== Segment start ==
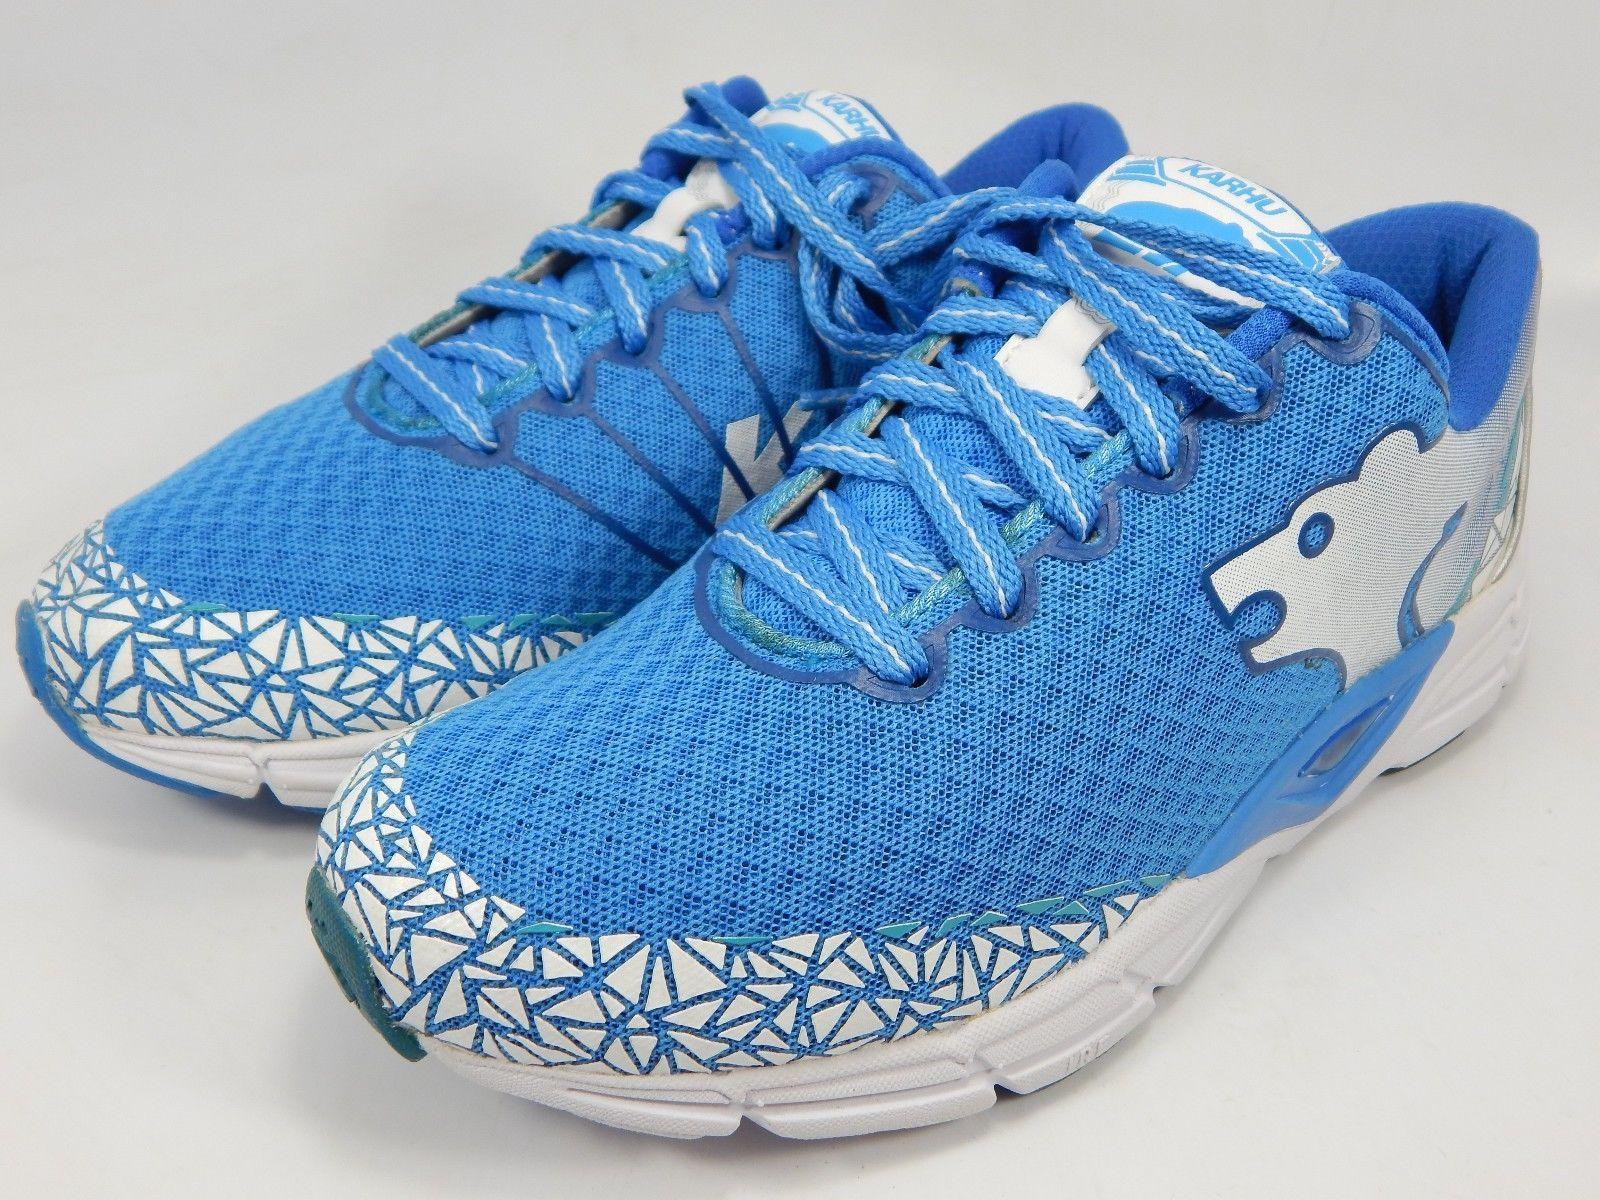 Karhu 2016 Flow 6 IRE Fulcrum Women's Running Shoes Size US 7 M (B) EU 38 Blue
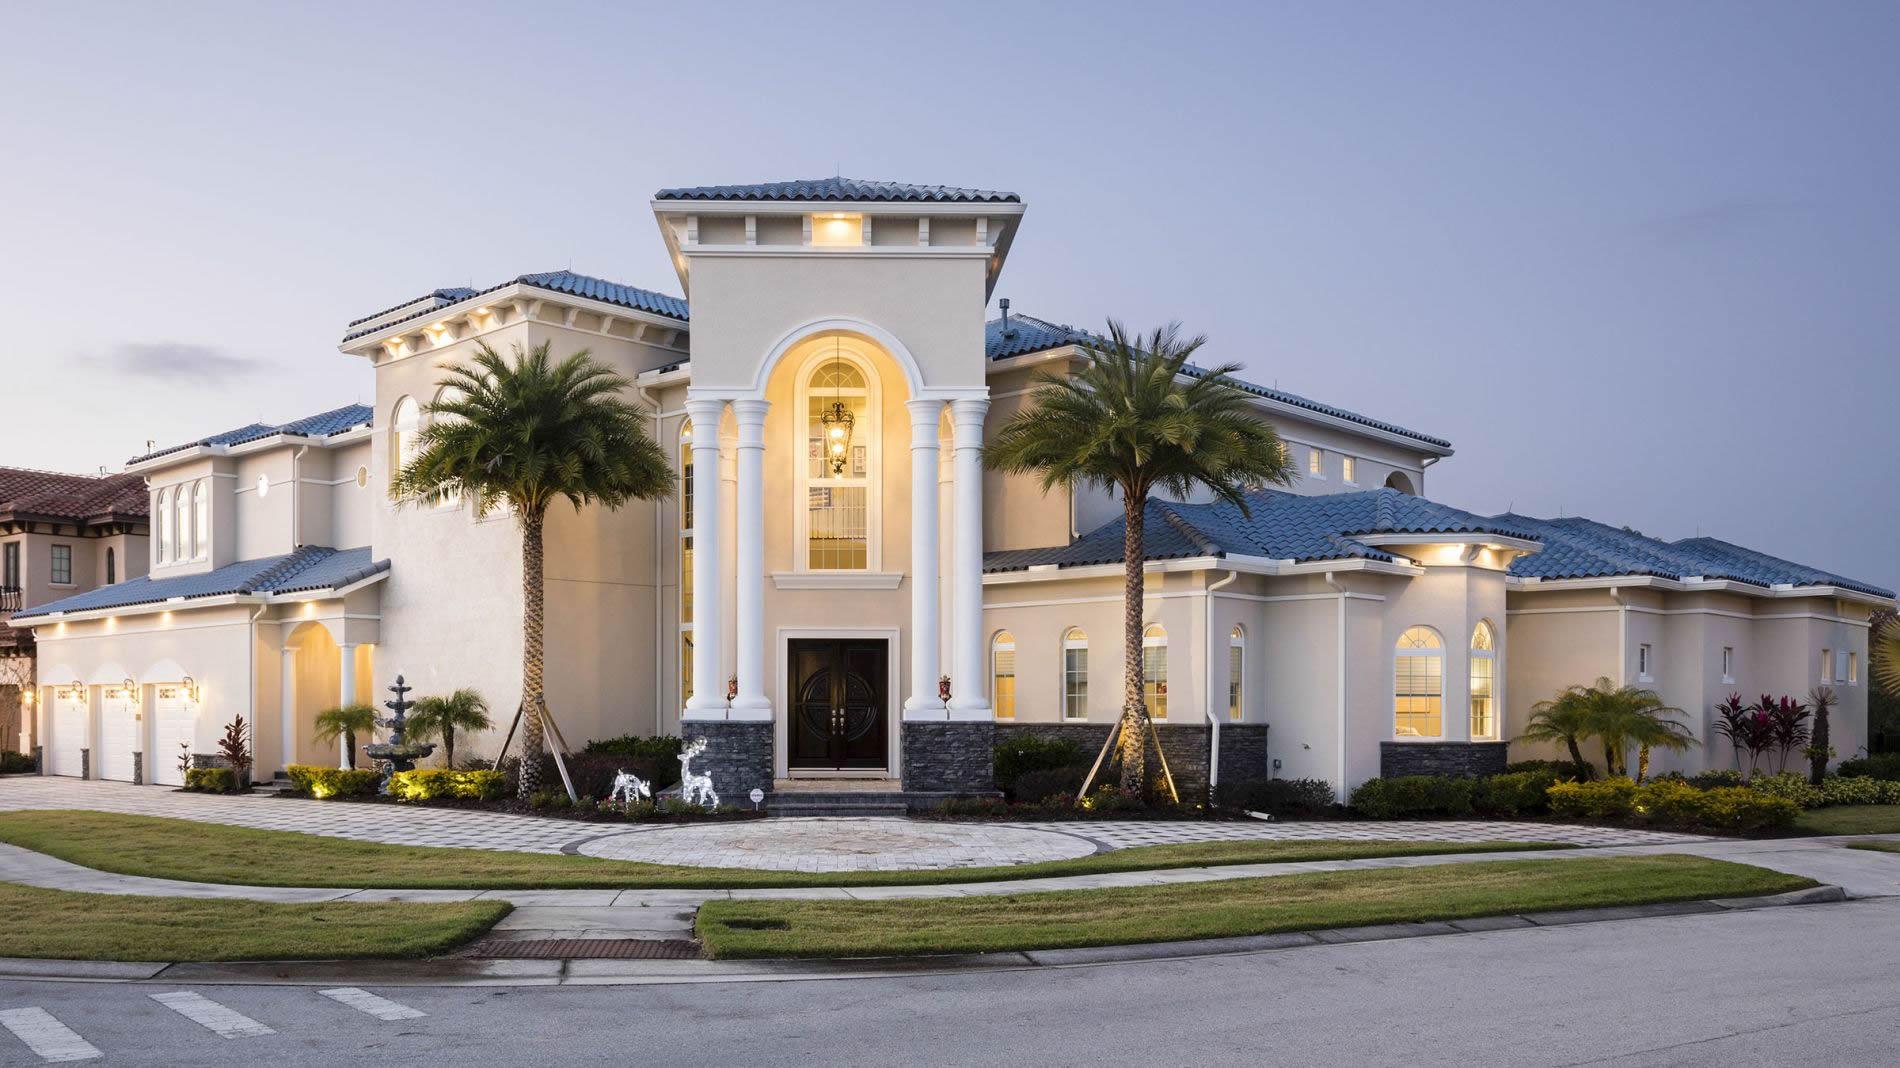 Luxury Vacation Rentals - Orlando FL
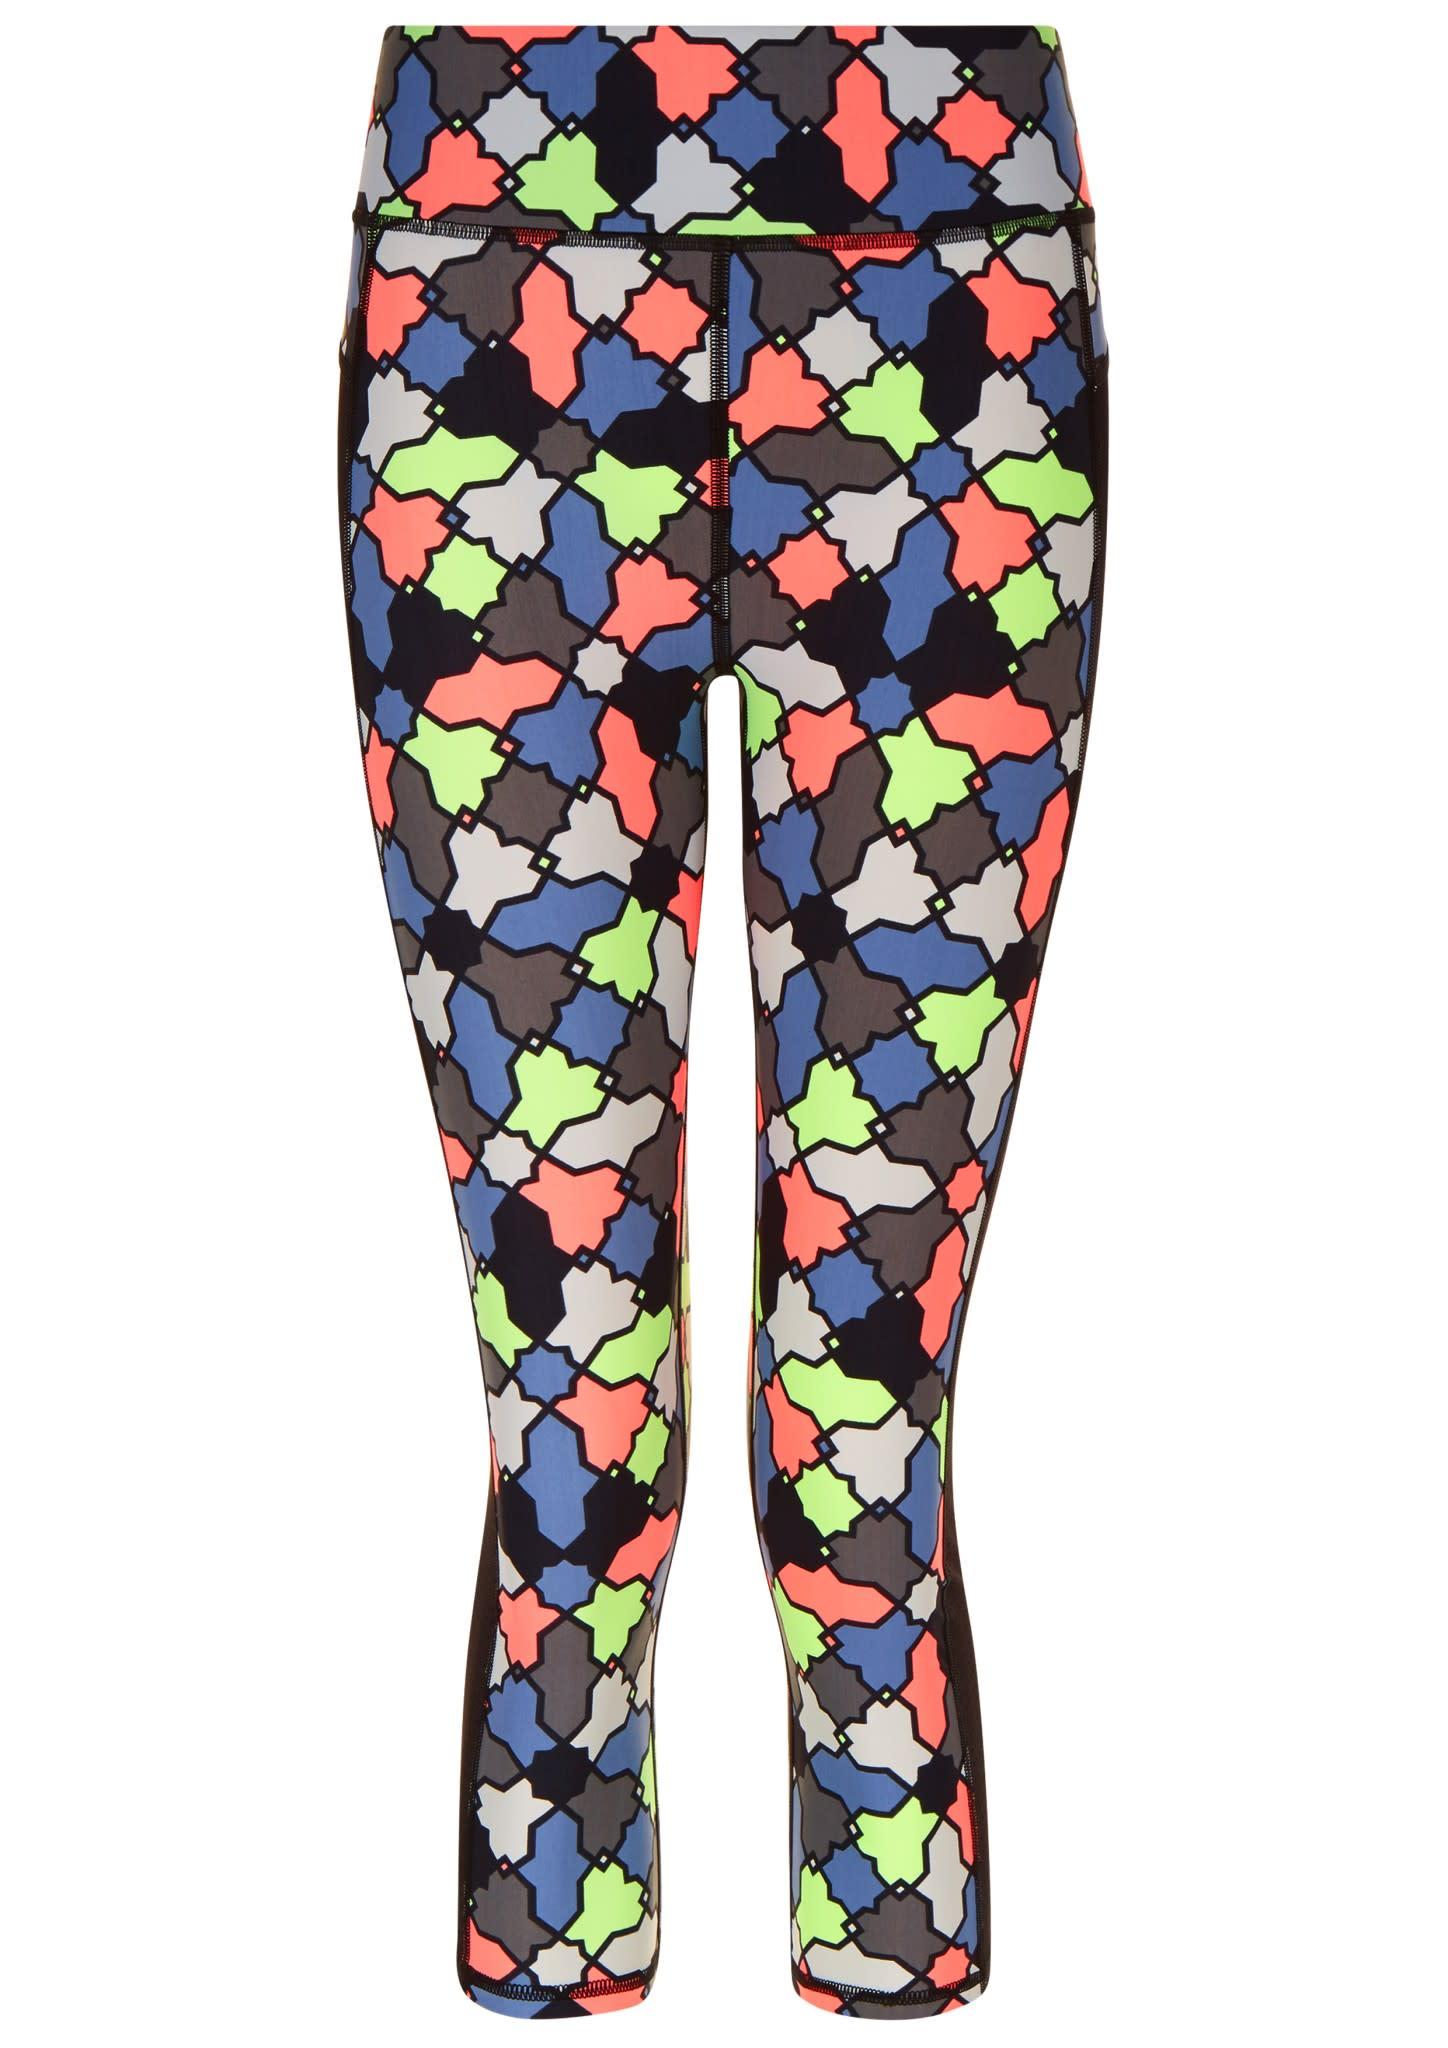 "<p><a href=""http://www.sweatybetty.com/clothes/bottoms/capris/multi-zero-gravity-crop-run-leggings/"" rel=""nofollow noopener"" target=""_blank"" data-ylk=""slk:Sweaty Betty, £80"" class=""link rapid-noclick-resp"">Sweaty Betty, £80</a> </p>"
== Segment end ==
• _Problem statement_
Leave the images aside and retype each line of the listing above exactly.

• _Result of this exercise_
 Karhu 2016 Flow 6 IRE Fulcrum Women's Running Shoes Size US 7 M (B) EU 38 Blue
 Luxury Vacation Rentals - Orlando FL
 "<p><a href=""http://www.sweatybetty.com/clothes/bottoms/capris/multi-zero-gravity-crop-run-leggings/"" rel=""nofollow noopener"" target=""_blank"" data-ylk=""slk:Sweaty Betty, £80"" class=""link rapid-noclick-resp"">Sweaty Betty, £80</a> </p>"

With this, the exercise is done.